The 1,2,3-triazole ring in Medicinal Chemistry has been gaining increased attention over the past years. The ability of this heterocycle moiety to participate in hydrogen bonding and dipole interactions provides an improvement of solubility and binding to biomolecular targets. Triazole ring is stable towards hydrolysis, oxidative, and reductive conditions and enzymatic degradation [1]. Moreover, triazole can be used as a linker and as a bioisostere of different functional groups for the synthesis of new active compounds [2][3]. Besides that, therapeutic properties have been attributed to 1,2,3-triazole hybrids, including antibacterial [4], anticancer[5][6], anti-inflammatory[7] activities, among others [3].
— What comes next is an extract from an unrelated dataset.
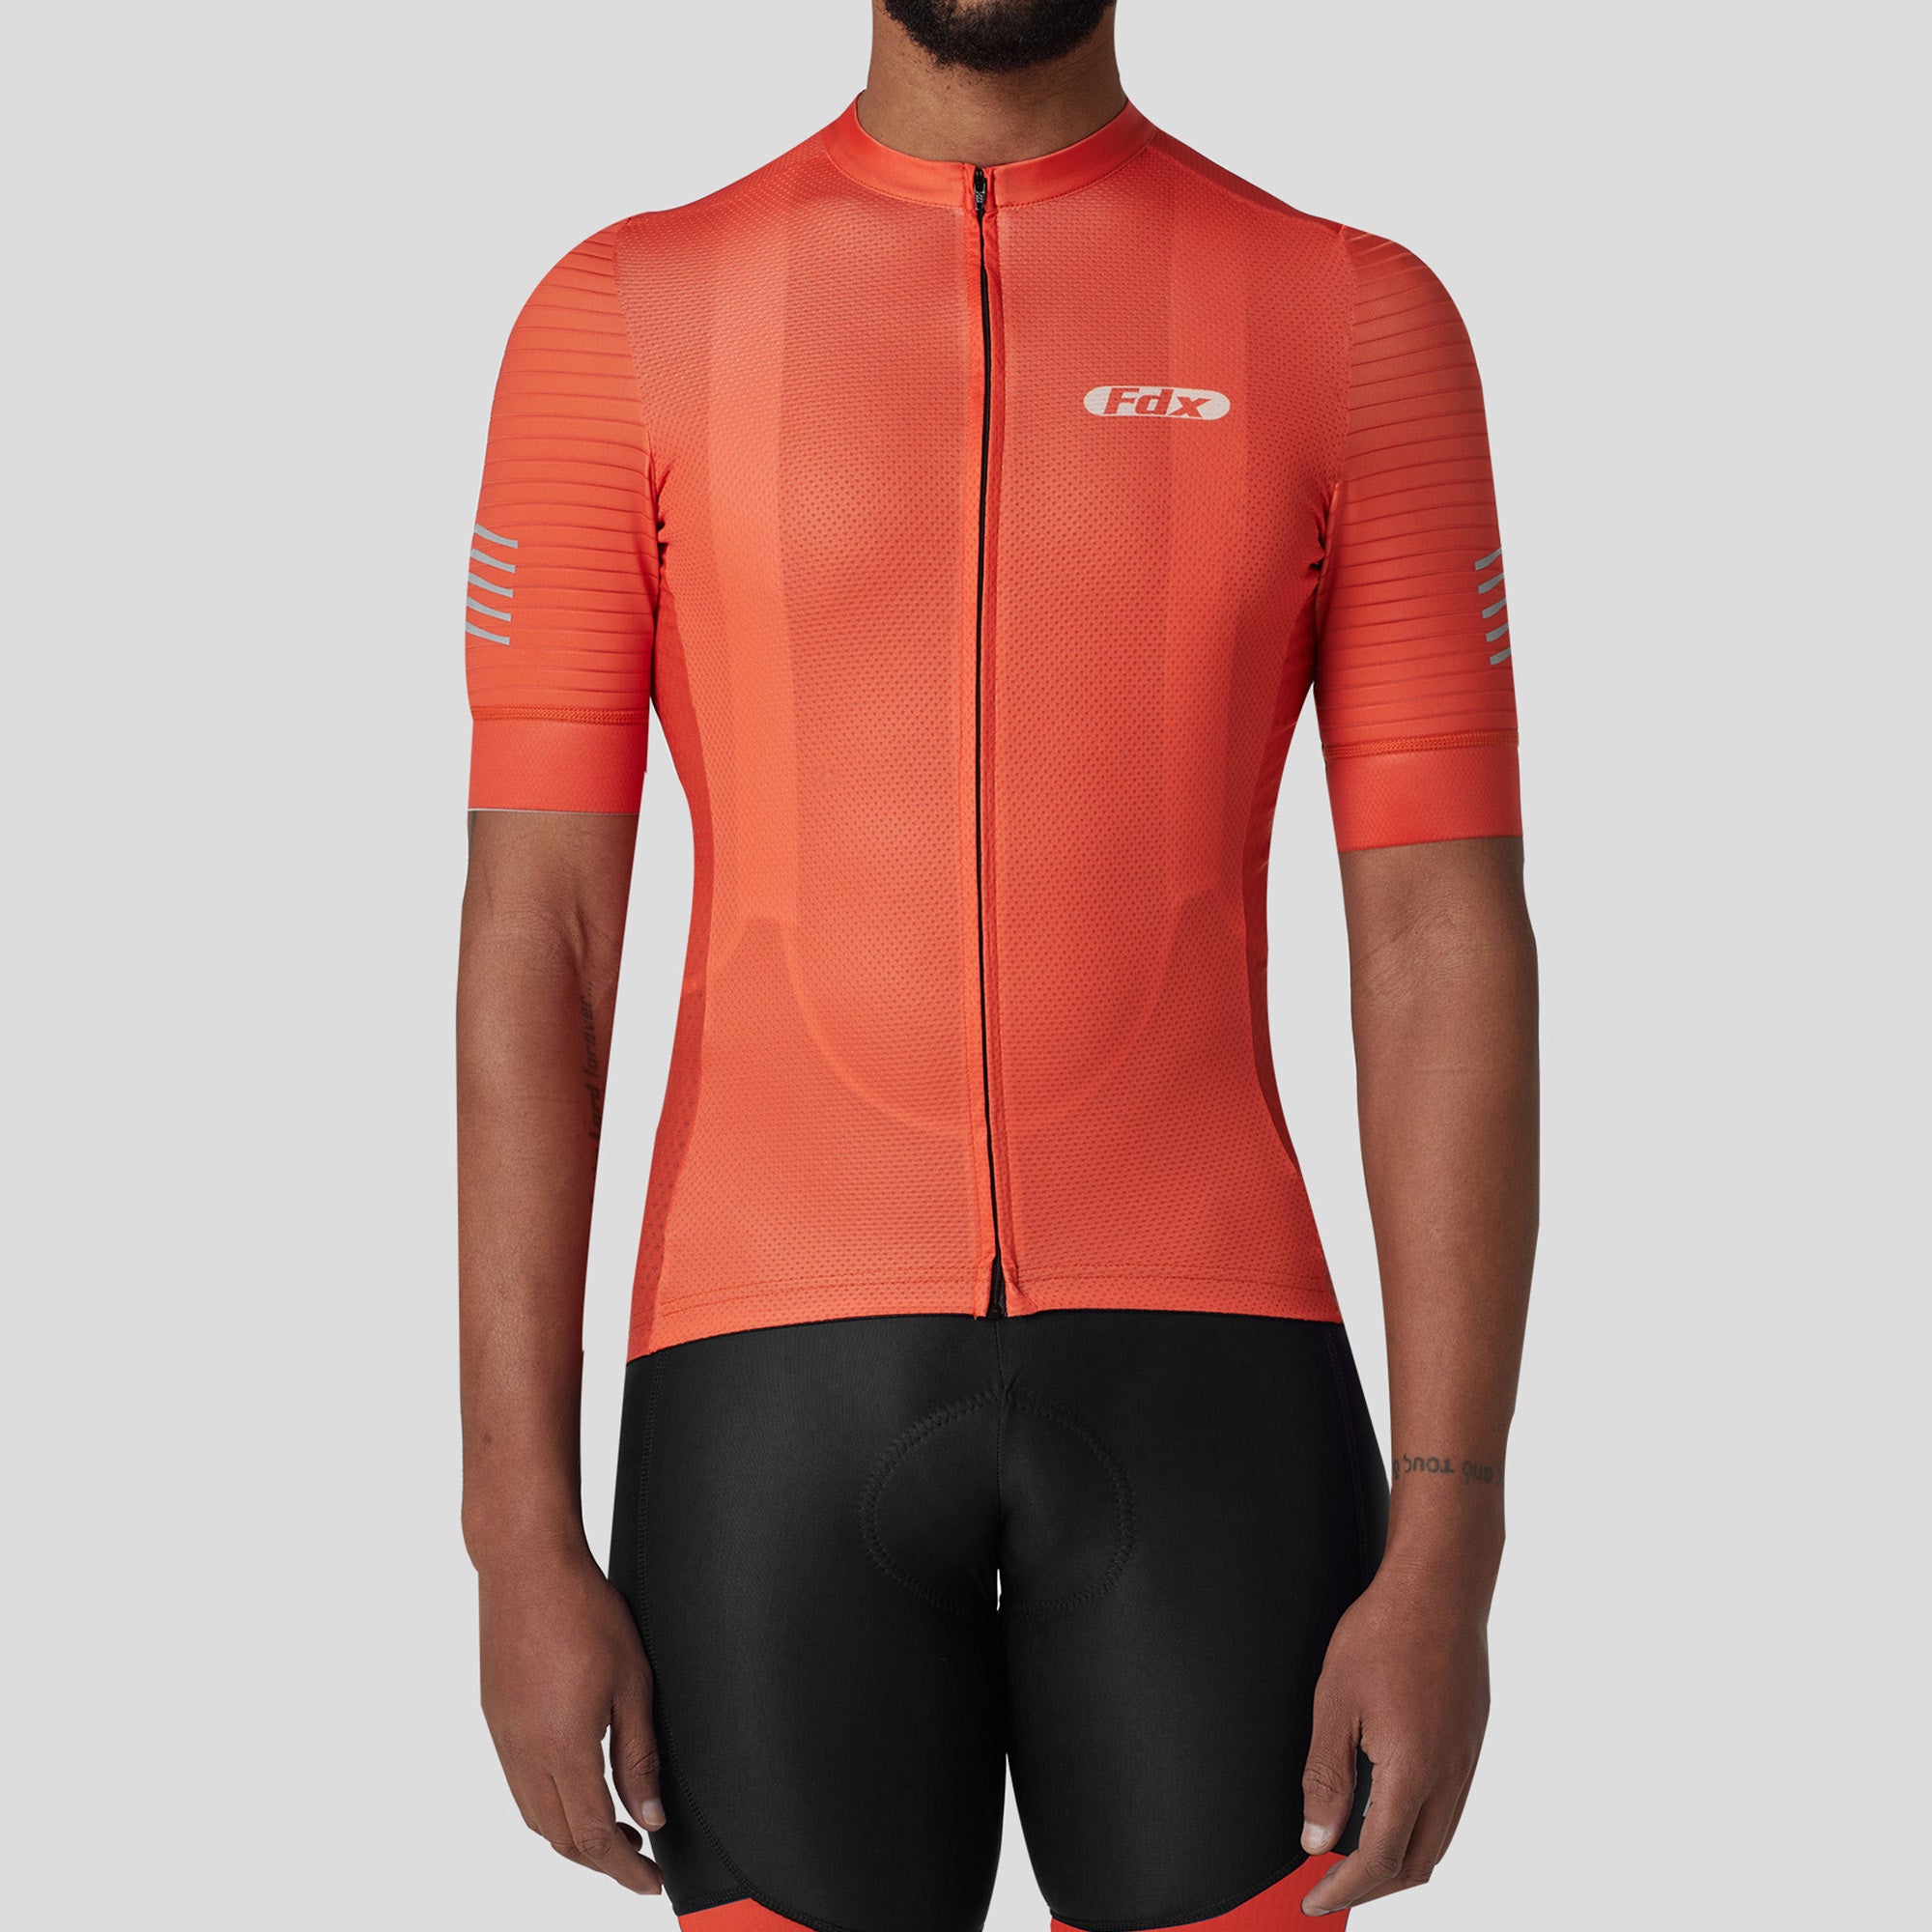 Fdx Mens Orange Short Sleeve Cycling Jersey for Summer Best Road Bike Wear Top Light Weight, Full Zipper, Pockets & Hi-viz Reflectors - Essential

The most common reaction to synthesize the 1,2,3-triazole ring is the Copper (I) catalyzed azide-alkyne cycloaddition (CuAAC). CuAAC, commonly referred to as Click Chemistry, was first introduced by Sharpless and Meldal groups in 2002 and involves the reaction of a terminal alkyne and an aliphatic azide using copper as a catalyst to give 1,4-disubstituted-triazoles [8][9]. Huisgen 1,3-dipolar cycloaddition (Figure 1A) presented several limitations, including long reaction time, high temperature, and the formation of a mixture of 1,4 and 1,5-disubstitution products. In contrast, CuAAC (Figure 1B) allows selective, high-yield, faster and mild reaction conditions, with the formation of few side products[10][11].
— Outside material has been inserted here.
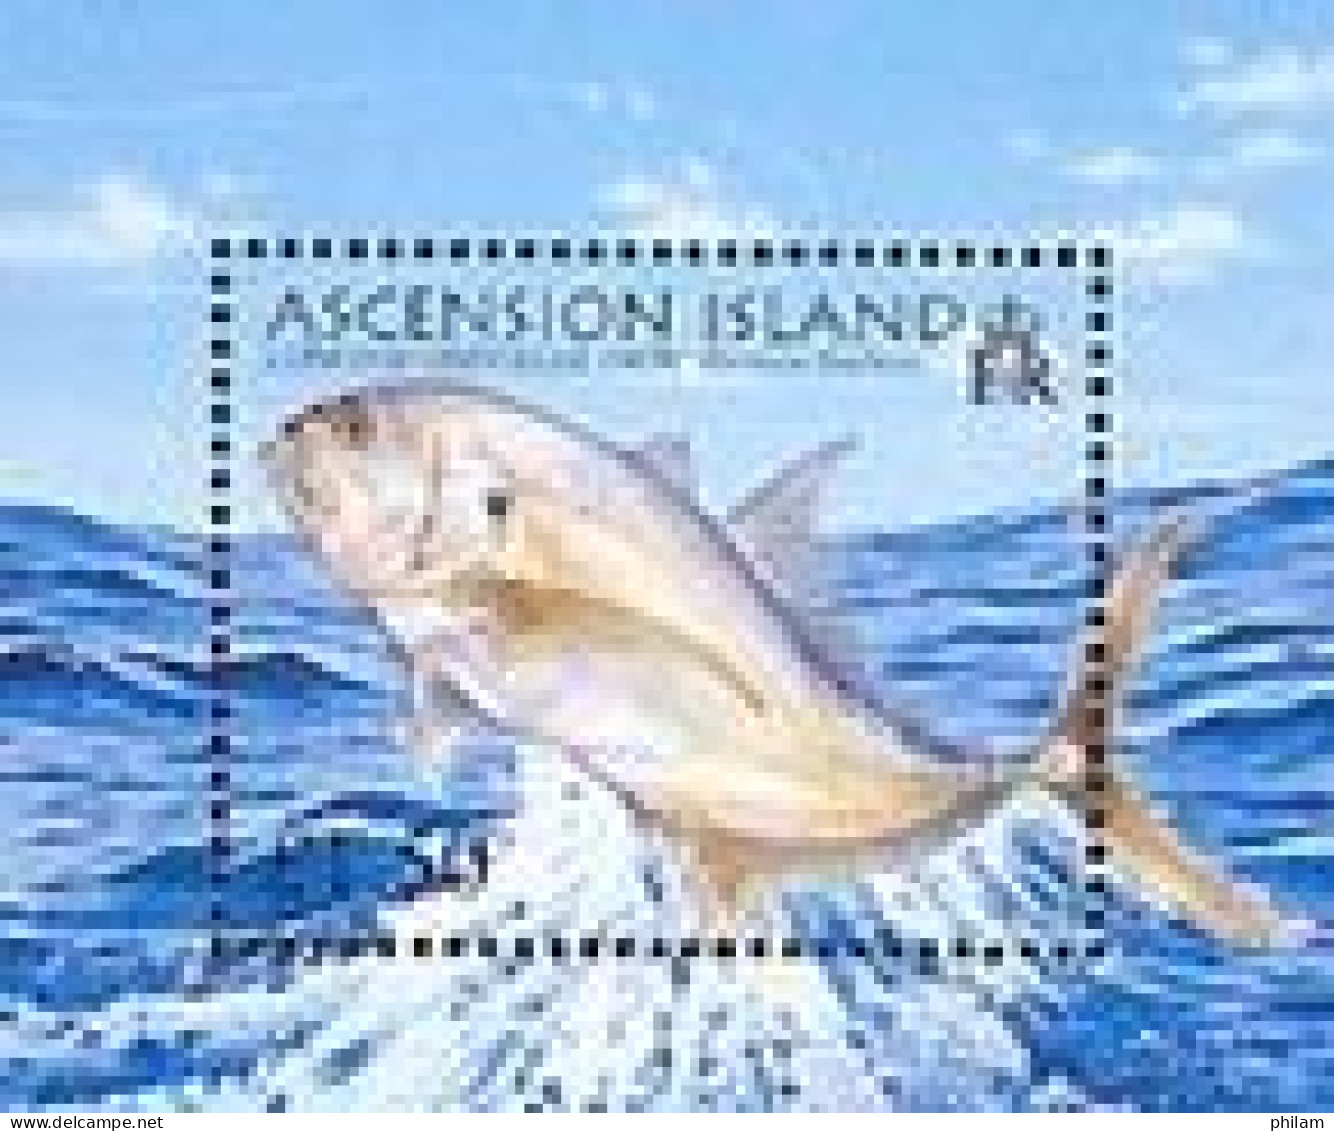 ASCENSION 2006 - Poisson Longfin Crevalle Jack - BF - Ascensión

Moreover being widely used in drug discovery [12][13], CuAAC has been applied in other areas, including bioimaging [14][15], biological [16], and biomedical[17] applications, synthesis of polymers [18][19] and dendrimers [20][21], and preparation of chemosensors[22], among others.

Figure 1. A) Huisgen 1,3-dipolar cycloaddition. B) Copper (I) catalyzed azide-alkyne cycloaddition (CuAAC).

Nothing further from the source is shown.